We also used DocSend to send out the deck to VCs. It was really helpful to see which VCs opened it and who else in their firm reviewed it. Second, we’re really big fans of eShares. eShares makes managing a cap table much easier. Investors and stakeholders can accept certs, request documents, etc. In my opinion, eShares is worth using for any venture-backed company with more than 3 shareholders.

Most importantly, we set up a no-carry SPV (special purpose vehicle) to collect money from our individual investors. The SPV has the same terms as our venture investors but only takes up one entry on the cap table because it is one LLC. We actually were not smart enough to do this at the beginning of the process (we wish we were) and only moved to the SPV mid-way through the process.

To make sure our SPV investors were treated the same way as our venture investor, SafeGraph covered the SPV fees (about $10,000). The process was fairly easy but had some kinks … mainly because this is still a new thing to do. It will be easier over time as these SPVs become more common (as I expect they will over the next few years as they simplify everything).

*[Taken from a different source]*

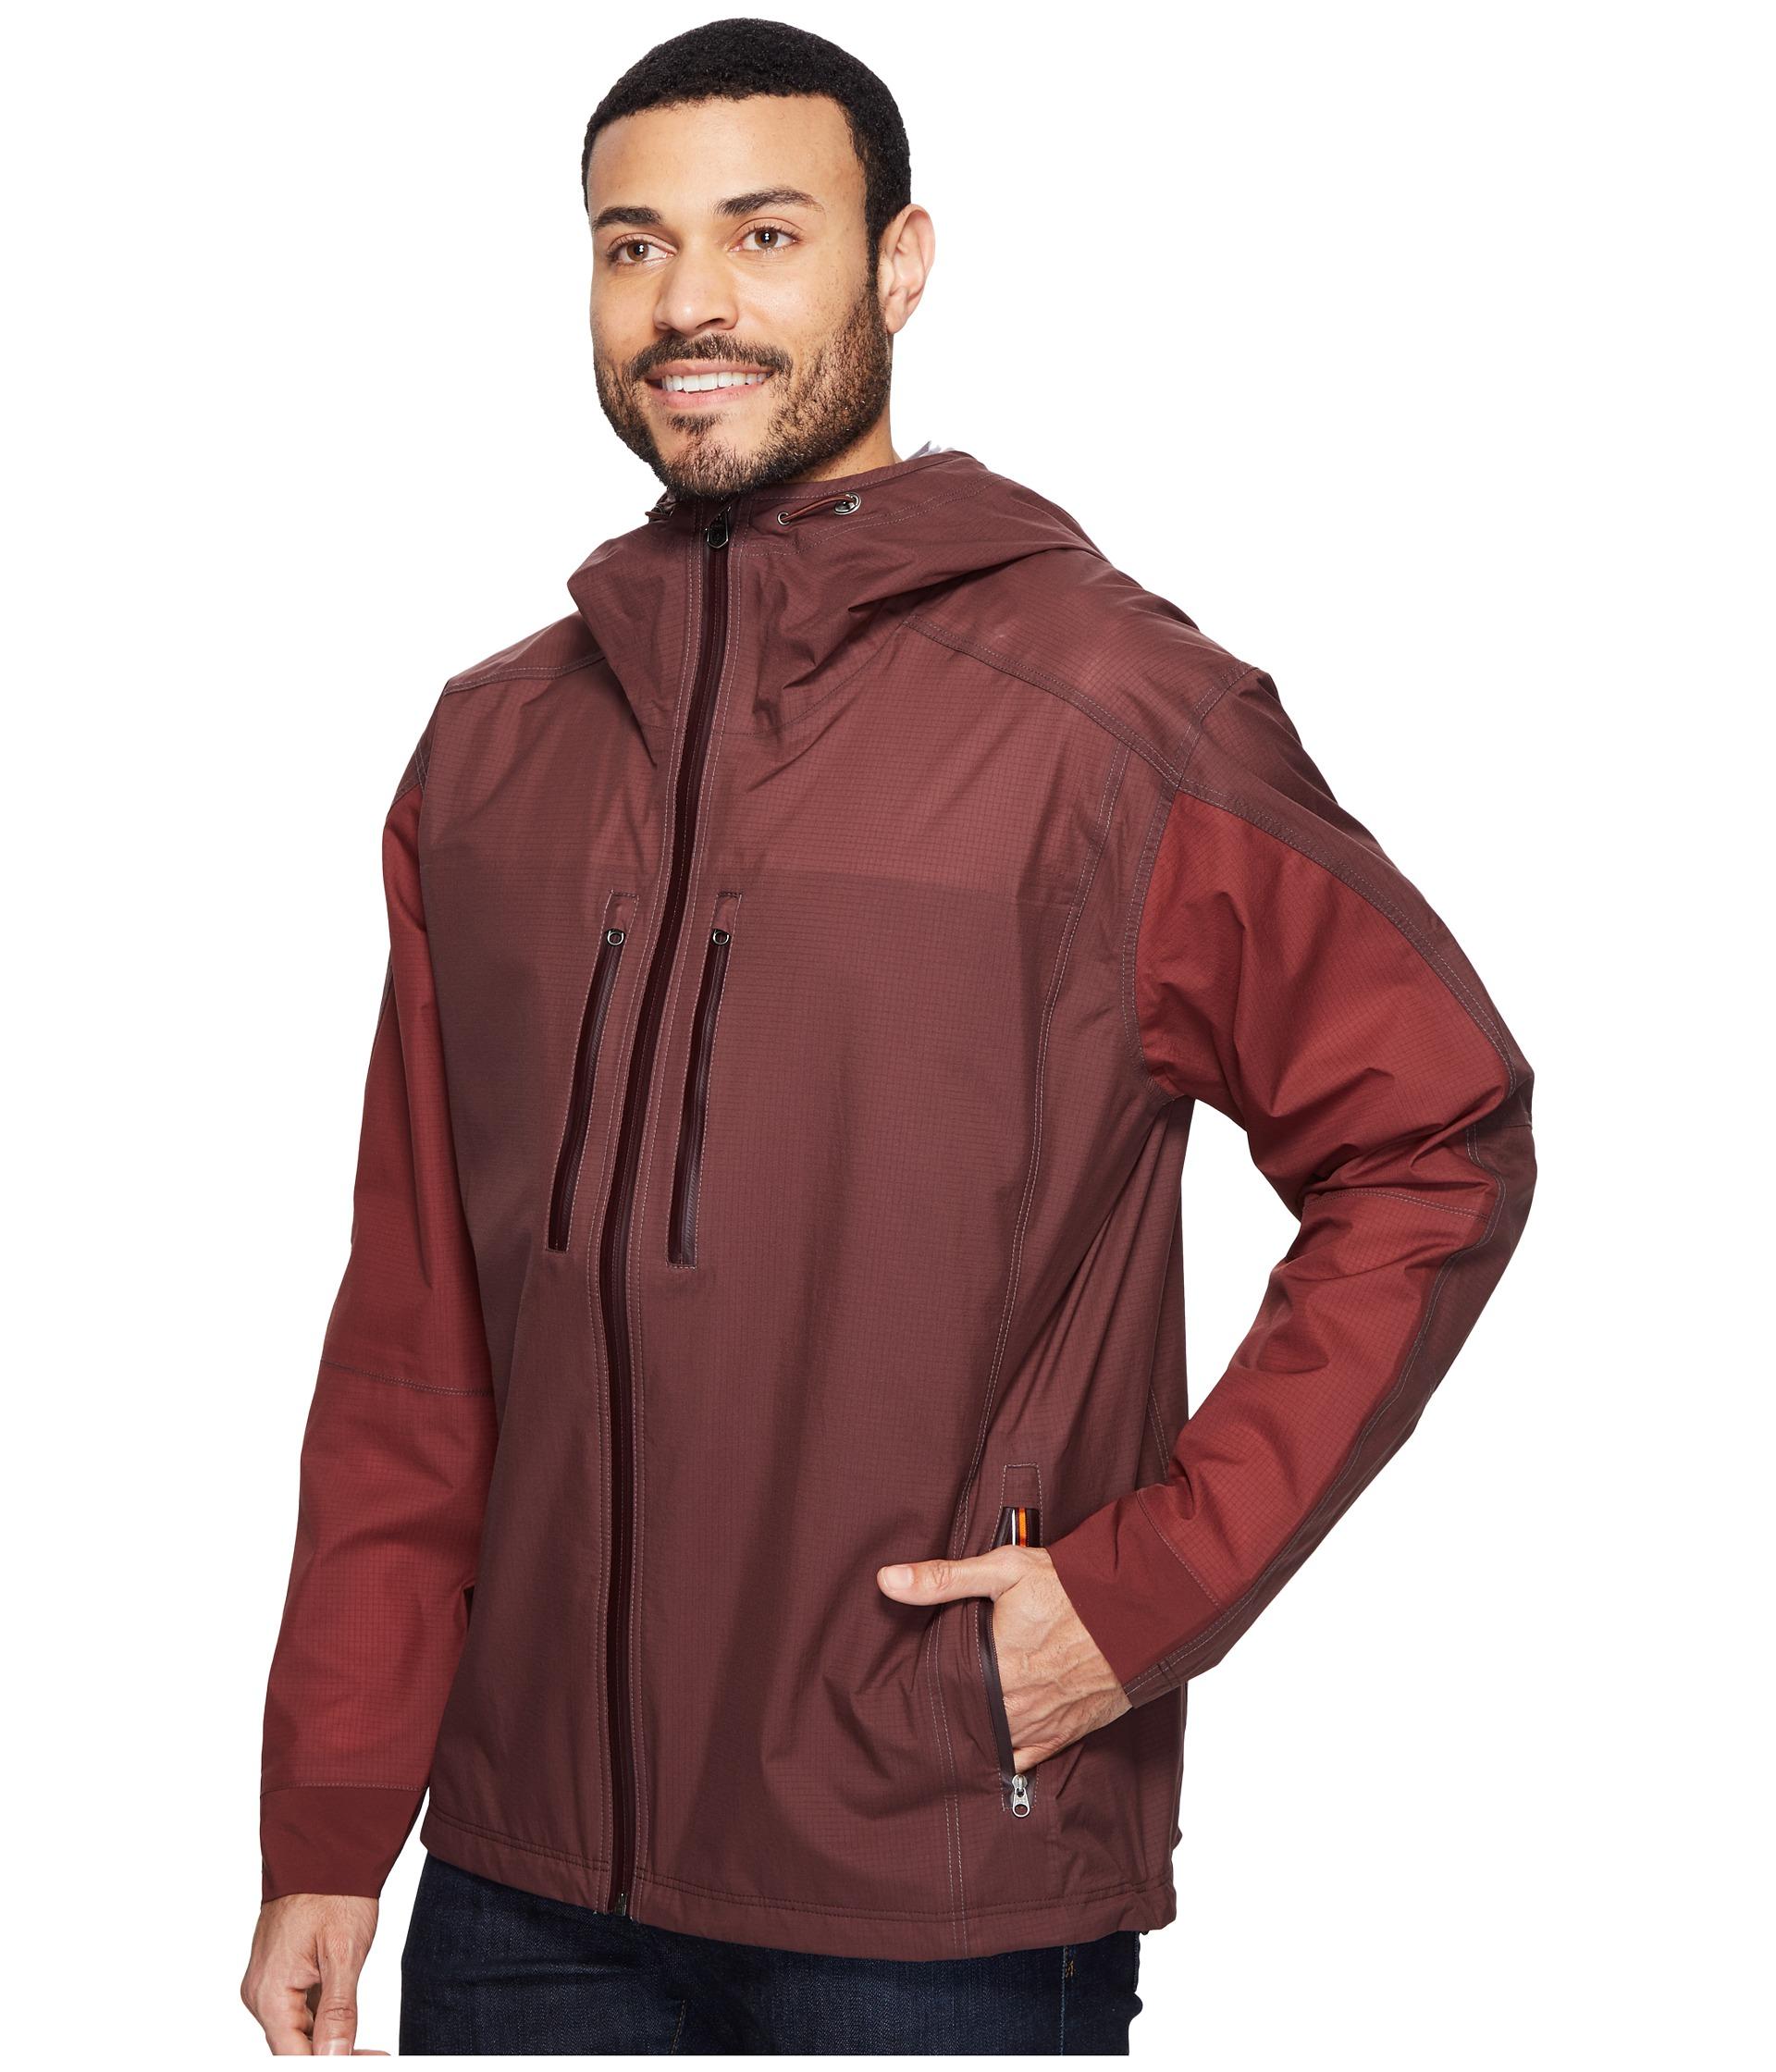 Jetstream jacket brick zappos com free shipping both ways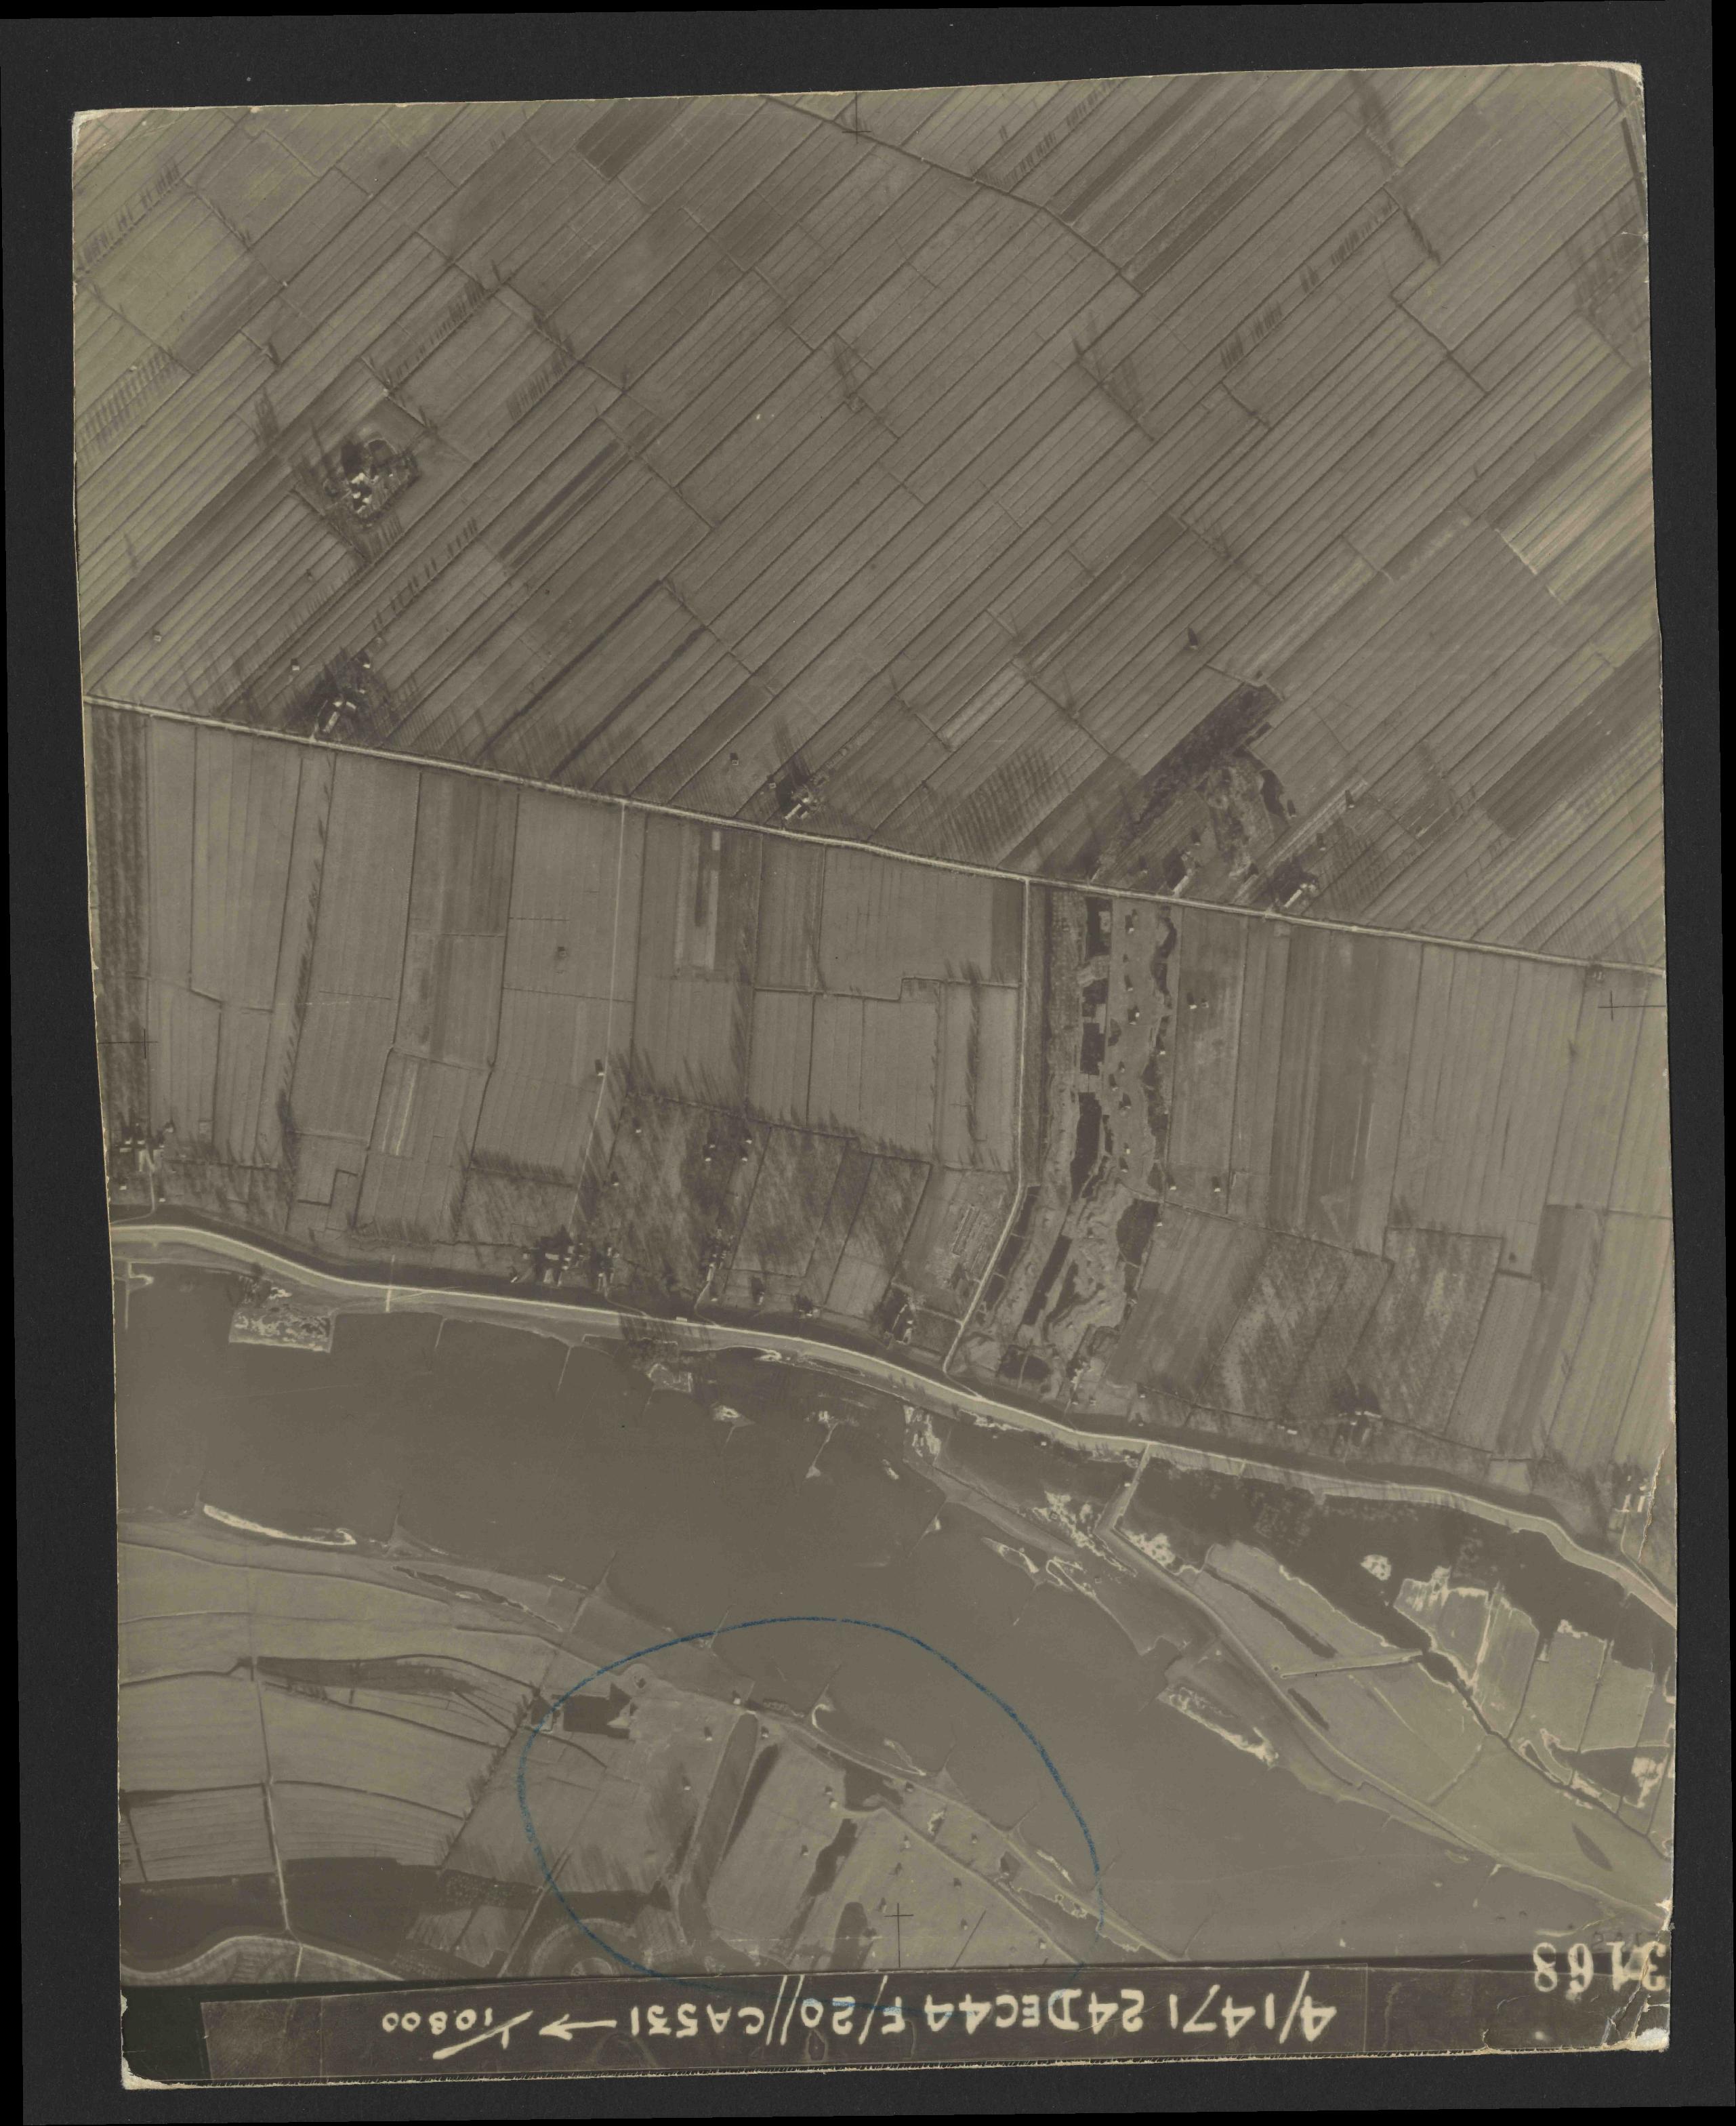 Collection RAF aerial photos 1940-1945 - flight 125, run 05, photo 3168

I heard SafeGraph got multiple term sheets, why did you choose IDG Ventures?

We went with Alexander Rosen at IDG Ventures for four reasons:

  1. They really understood our business. SafeGraph is a data company. And while data companies look a lot like SaaS companies, there are some very important differences that most VCs do not understand.
  2. We have a long relationship with Alex (I have been friends with him for 15 years) and have always found him a very thoughtful and helpful person.
  3. They were patient with us. Some of the VCs made high-pressure plays to try to get us to decide on a term sheet quickly. IDG allowed us to take the time to make sure we were making the best long-term decision.
  4. They were willing to allow us to bring in a bunch of individual investors. Many other VCs had more onerous ownership requirements which would not have allowed us to bring in so many individuals.

Why involve a venture firm at all? Why not just raise it all from individuals?

We wanted to have an active board member whose job it is to spend a significant time helping SafeGraph. All the individual investors in SafeGraph have day jobs and do not have the time to proactively help the companies they invest in (but they are awesome at reactively helping). The day job of a venture capitalist is to help their portfolio companies.

How long did it take you to raise the financing?

It took us a total of 2.5 months from start to close. That included reaching out to all the individuals, setting up the SPV docs, preparing for the venture raise, meeting with the venture firms, selecting a term sheet, and closing the final docs.

I heard you invested your own money in the round, is that true?

Yes. I invested $2 million of the $16 million we raised. I thought it was important to put my money where my mouth (and energies) is. I’m also not taking a salary from SafeGraph.

Taking no salary or investing a lot of money in one’s company is not a path that most venture-backed founders can or should take. But it can be a good idea if you were fortunate to have a big exit in the past and now you want to swing for the fences. Even if you did not have a huge exit in the past, my advice to founders is to take the minimum salary you can get by on so you can telegraph to your shareholders that your financial goal is to make the shares very valuable.

How many of the 100 individuals did you know personally before you approached them for an investment?

Either myself or Brent Perez (SafeGraph’s cofounder) knew almost every investor beforehand. Some of the investors we have known for over 10 years. We optimized the list to people we knew and trusted. We did bring in a few extraordinary people that we did not know beforehand but all of those came recommended by people we trust.